Smaller, reusable mesh produce sacks also will be handed out to replace the plastic bags commonly used at grocery stores. Produce in the mesh bags can be scanned at the checkout.
“We will be giving these away at the three grocery stores, then people can practice when they go in to shop,” Herrick said.
She said the habit is easy to pick up. Keep reusable bags in your car. It only takes going back to your car three times to stop forgetting it, she said.
The grocery stores will be giving away their reusable bags as well.
Local students from the elementary, middle and high schools participated in the project. They dubbed it SUP2Sack, an abbreviation for transitioning from single-use plastic to reusable sacks.
The SUP2Sack project purchased 5,000 reusable bags to give away and 8,000 mesh produce bags. They were provided to local retail stores as well as grocery stores.
Based on information provided by store managers, Herrick estimated that 30,000 single-use plastic bags are sent out the door every day from grocery and retail stores in Cortez.
A reusable bag can replace 500 single-use plastic bags in a year.

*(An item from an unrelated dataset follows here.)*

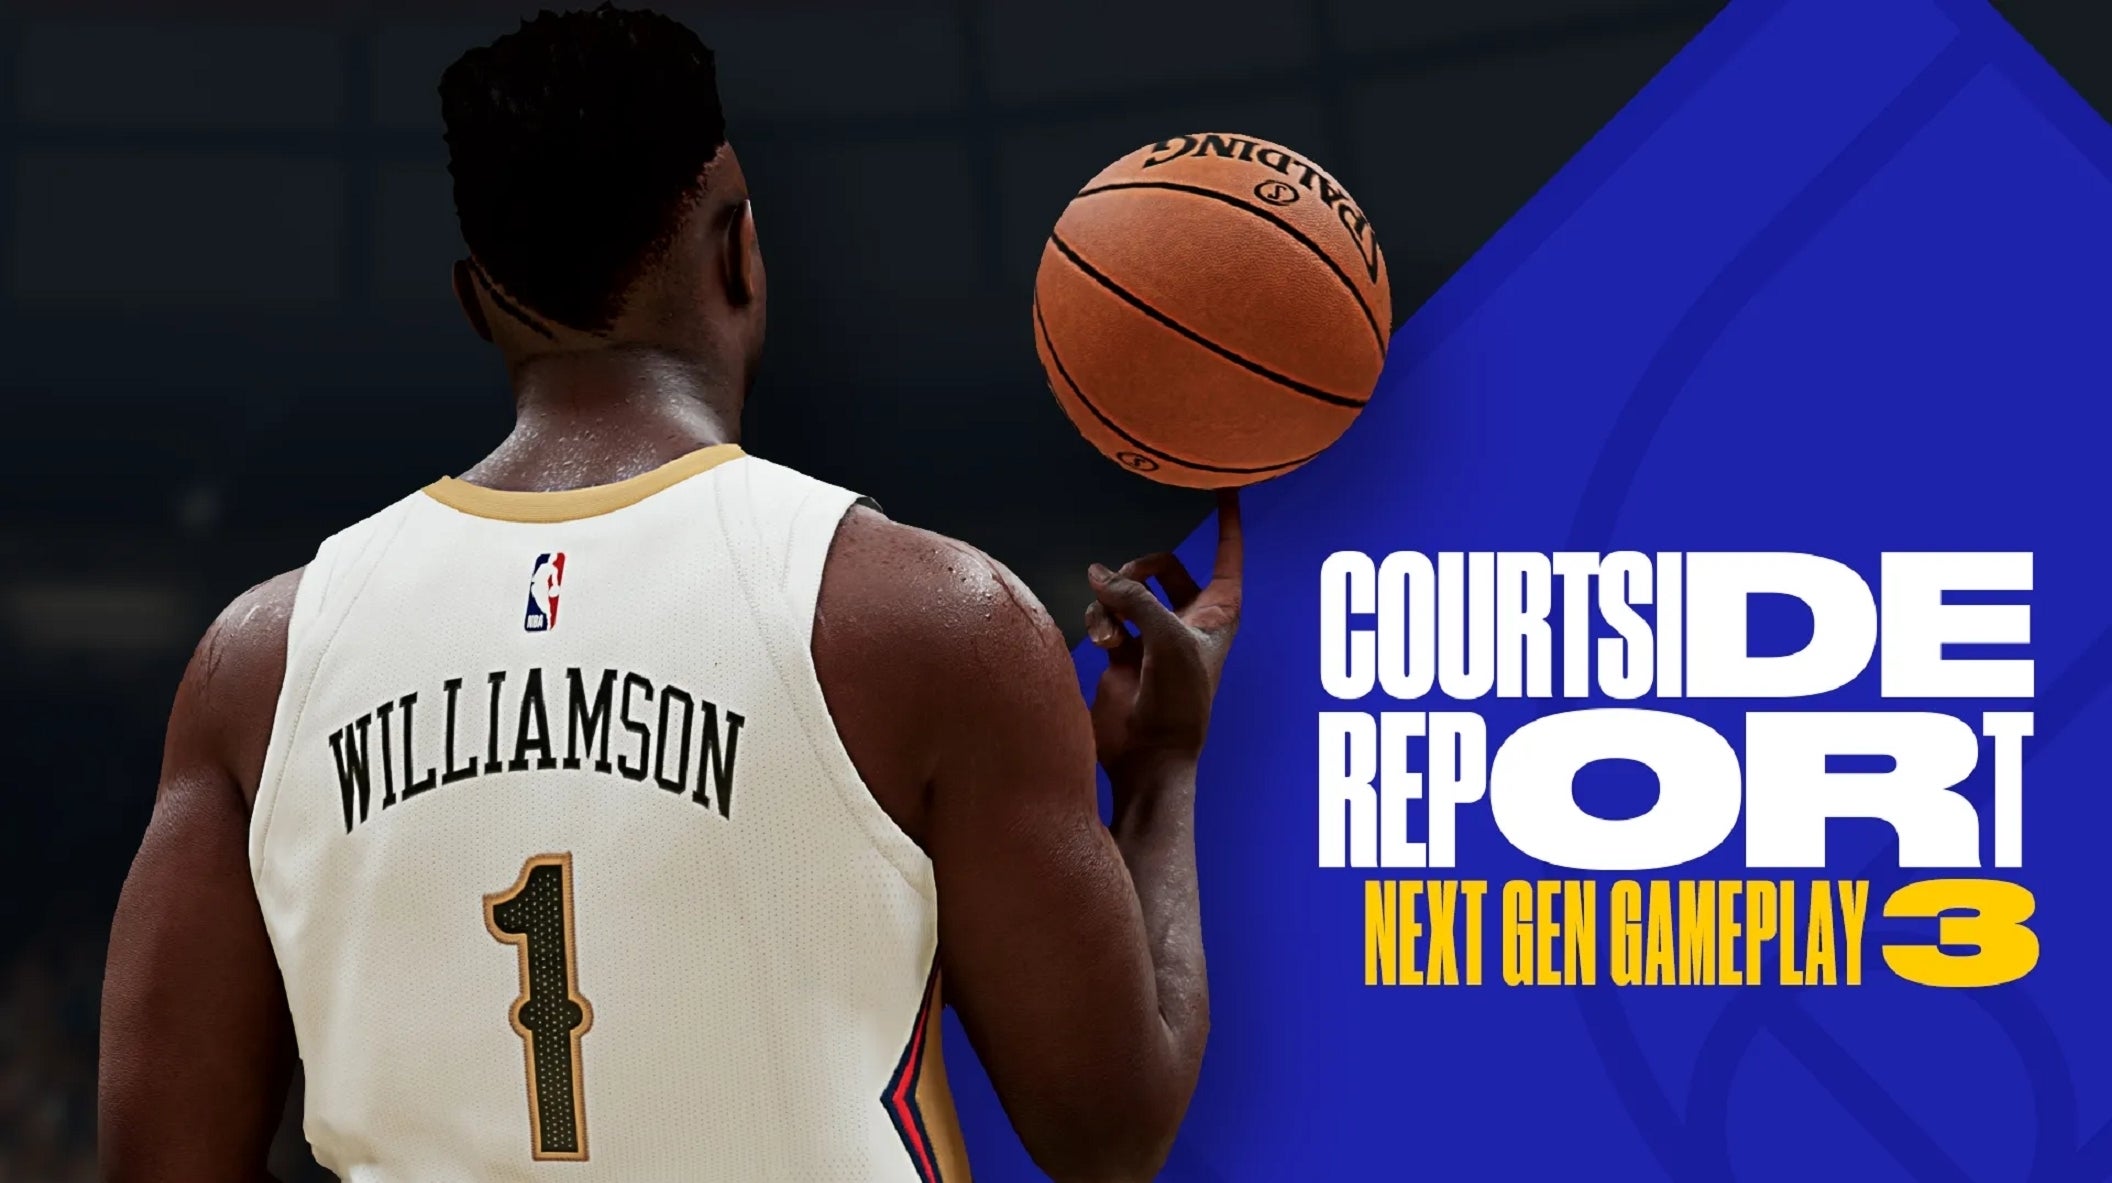 Bilder zu NBA 2K21: Next-Gen-Basketball - So dribbelt es sich auf PS5 und Xbox Series X

Kroger Co., City Market’s parent company, aims to eliminate single-use plastic bags by 2025, according to its website.
In 2021, the Colorado Legislature voted to ban single-use plastic bags at most stores starting in 2024.
Montezuma-Cortez High School student Lily Sandner won the poster contest for the initiative.
Fourth grade student Emmett Parks won the contest for the best explanation of the issue. He wrote:
“I think single-use plastic bags should be eliminated because millions of them are getting dumped in the ocean and sea creatures eat them and die. We need to act now and use reusable bags. Some states have banned them already. Ten percent of all trash in the ocean is plastic bags. Single-use plastic bags take hundreds of years to biodegrade leaving microplastics behind. We need to ban single-use plastic bags to save animals and our future.”